Cabinet decided in 2014 to import 20,000 in-calf heifers, but some farmers who subsequently purchased the cows are now claiming they are facing financial ruin because of poor milk yields, low conception rates, abortions, stillbirths, high mortality rates, and unrecognised diseases.

They say the cows, which cost about $1,600 a head, were unsuited to Sri Lanka’s hot and humid tropical conditions—although Holsteins from Australia have been performing well in Indonesia.

Australian livestock exporter, Wellard, was awarded a contract in 2014 to supply the 20,000 crossbred dairy heifers with the first shipment of 2,000 from New Zealand in May, 2017, and 3,000 from Australia in December, 2017.

Holstein-Jersey cross heifers were chosen because purebred Holsteins were considered too big for Sri Lankan farmers who were used to handling their small, native dairy cattle.

Wellard released a detailed statement on March 18, in which the company claimed a “handful” of the 68 farmers selected by the government to receive some of the cattle had failed to follow prescribed herd-management advice, which had caused some animal welfare issues at those farms.

“As a result, the farmer selection criteria will change,” the statement said.

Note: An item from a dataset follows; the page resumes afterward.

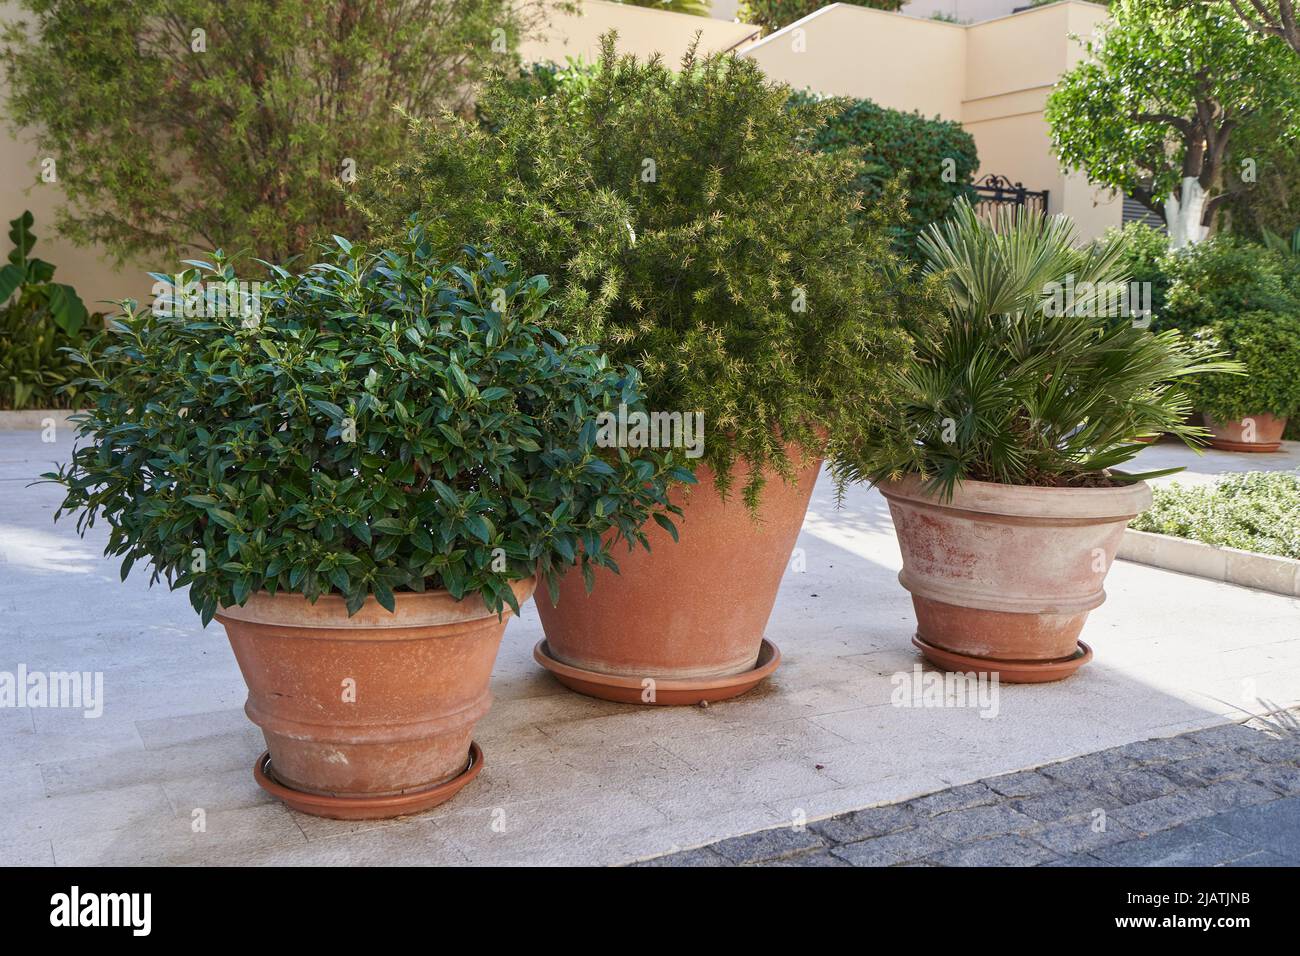 Bushes in a clay pots for landscaping garden Stock Photo

It said 84 million litres of milk had been produced by the cows since the programme began (including a pilot programme in 2013), replacing $US32 million of milk powder imports.

The statement claimed Wellard regularly monitored a number of key production and animal health-related measures to assess performance and identify emerging issues. Mortality was one of the measures recorded.

“There were 95 mortalities from the first shipment in the first year, a rate of 4.8 percent,” it said.

“There have been 331 mortalities from the second shipment, representing an annualiSed mortality rate of nine percent.

“Unfortunately, four farms that received cattle in the second shipment account for 61percent of the recorded mortalities from that shipment.

Wellard Executive Chairman John Klepec said this had been a source of immense frustration, as those farmers were ignoring advice, particularly on nutrition, and animal health was falling to the point of mortality.

“So, while we are continuing to seek immediate changes to the nutrition management on those farms, we must also change the Sri Lankan farmer selection criteria for future shipments so that negative animal welfare outcomes that have occurred on these few farms are not repeated and other farmers in the programme are not tarnished by the results of few,” he said. (Agencies)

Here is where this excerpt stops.